Adaptation · Assessment · Community resilience · Vulnerability

Highlights

  • Resilience assessment supports climate change adaptation using existing resources
  • Factors limiting overall resilience are mostly dependent on context
  • Limited resources and plan implementation commonly drove poor resilience outcomes
  • Central Vietnam reported higher community resilience than Cambodia
  • Links between climate change and development outcomes are often misunderstood

1. Introduction

Climate change adaptation in Asia is particularly complex owing to interactions of geography, income, capacity and population change. The overwhelming majority of the population rely on subsistence agriculture, making them particularly vulnerable to both climate variability and change. For example, 80% of Cambodians depend on subsistence agriculture (mostly rice and fish) (Thomas et al. 2013). Forecast rice yield losses of 5% predicted by 2020 in Cambodia, combined with few opportunities for livelihood diversification, means that communities may experience severe and recurrent food shortages and debt if adaptation planning is not effective (Nuorteva et al. 2010, Sovacool et al. 2012).

Community vulnerability to climate change can be minimized through adaptation planning that builds on inherent community-based sources of resilience (Adger et al. 2011). Understanding such resilience is especially important in remoter areas where communities are largely self-reliant yet may or may not have developed high degrees of adaptability to climate-driven change (Nunn et al. 2014); an additional consideration is a degree to which such communities retain their levels of traditional coping in the face of encroaching globalization. Vulnerability comprises a community’s exposure to risk and their sensitivity to impacts arising from risks (Adger et al. 2011). Community resilience is broader than vulnerability, including consideration of a community’s assets and the dynamics by which they are able to and are limited in mobilizing those assets to address risk. Thus, it pays greater attention to governance and social dynamics that affect a community’s development trajectory (Magis 2010). Understanding each community’s assets and how they can be mobilised are critical in addressing the climate change-development nexus in comparatively poor rural communities (Friend and Moench 2013, Adger et al. 2011, Adger et al. 2013) yet this understanding is limited in the Asia-Pacific region and merits further investigation (Friend et al. 2014, Nuorteva et al. 2010). Some communities and practitioners (such as those we work with) feel that some current tools for assessing vulnerability (including measuring resilience) to climate change are narrow in focus and as such, are not easily integrated into multi-sectoral development planning.

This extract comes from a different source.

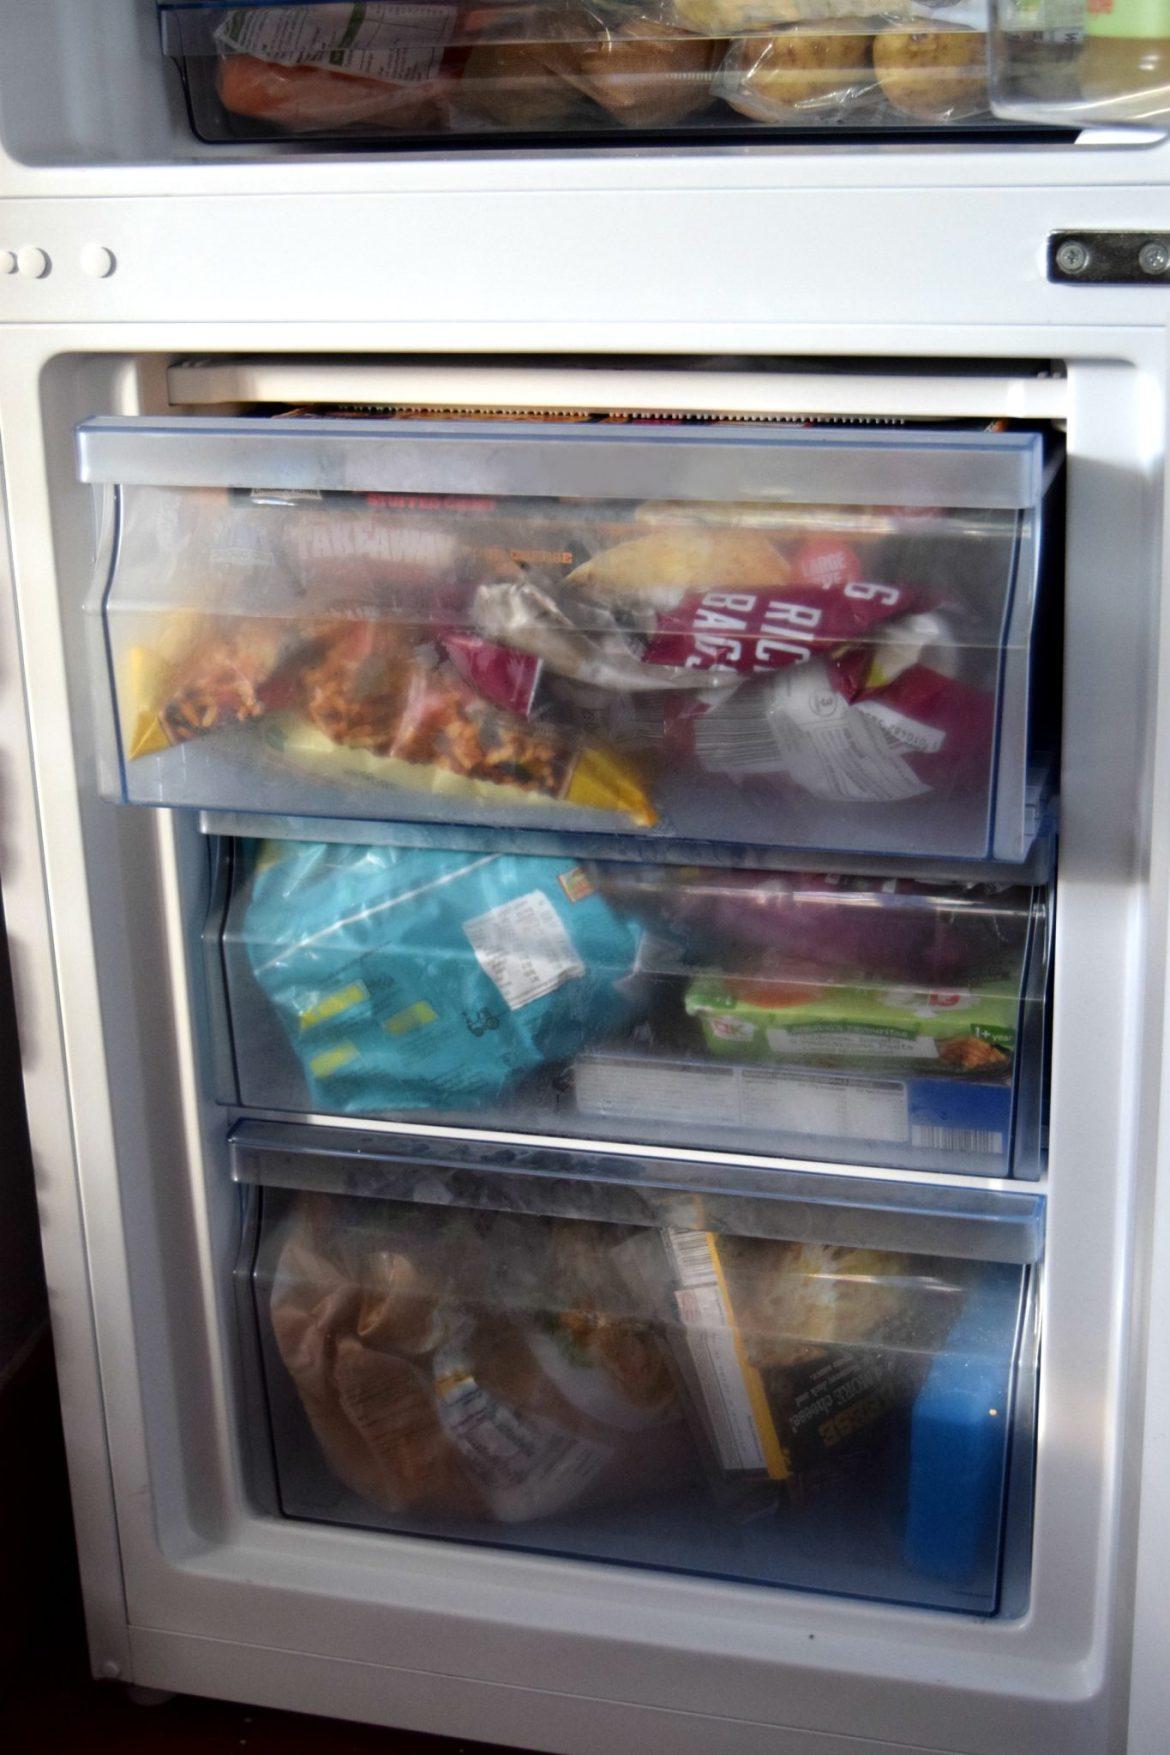 Fridgemaster MC5526470/30 Freezer drawers

Community resilience assessment has recently emerged as an area of focus in disaster management, promulgating tool development contextualized to the needs of different programs and the aims of specific projects (see Sharifi 2016, Sharifi and Yamagata 2016 and Ross and Berkes 2014). Many of these tools are broad in nature and detailed in anticipated analysis, sometimes failing to consider how climate change and development are inter-woven, instead focussing on disaster management at the expense of considering how communities actually change and adapt (Loring et al. 2016). Further, they are often very complex and detailed, and not easily applied without expert assistance to guide local scale adaptation.   Improving tools for rapid  measuring and strengthening the resilience of rural communities to climate change has the potential to (i) identify the existing status of resources and processes that could be mobilised to support adaptation to climate change and enhance community resilience, and (ii) inform national and sub-national planning by identifying communities most in need of interventions to enable effective and sustained adaptation. This project developed and piloted a rapid community resilience assessment tool addressing these knowledge gaps and identified opportunities to use community resilience assessments to enhance adaptation planning.

2. Methodology

Our methodology included three steps: (i) assessment framework development and revision based on expert feedback (2 months); (ii) assessment trialling in four communes (two in Vietnam and two in Cambodia) over a period of 3 months in each commune; and (iii) adaptation policy dialogues (one day each, one in Vietnam and two in Cambodia). In conjunction with United Nations Food and Agriculture Organisation (UN FAO), we also collected some household migration and food security data for Cambodia. For tool piloting purposes, communes (typically a cluster of 3-5 villages) for which climate vulnerability data and relationships existed were selected, including ones in both peri-urban and rural situations.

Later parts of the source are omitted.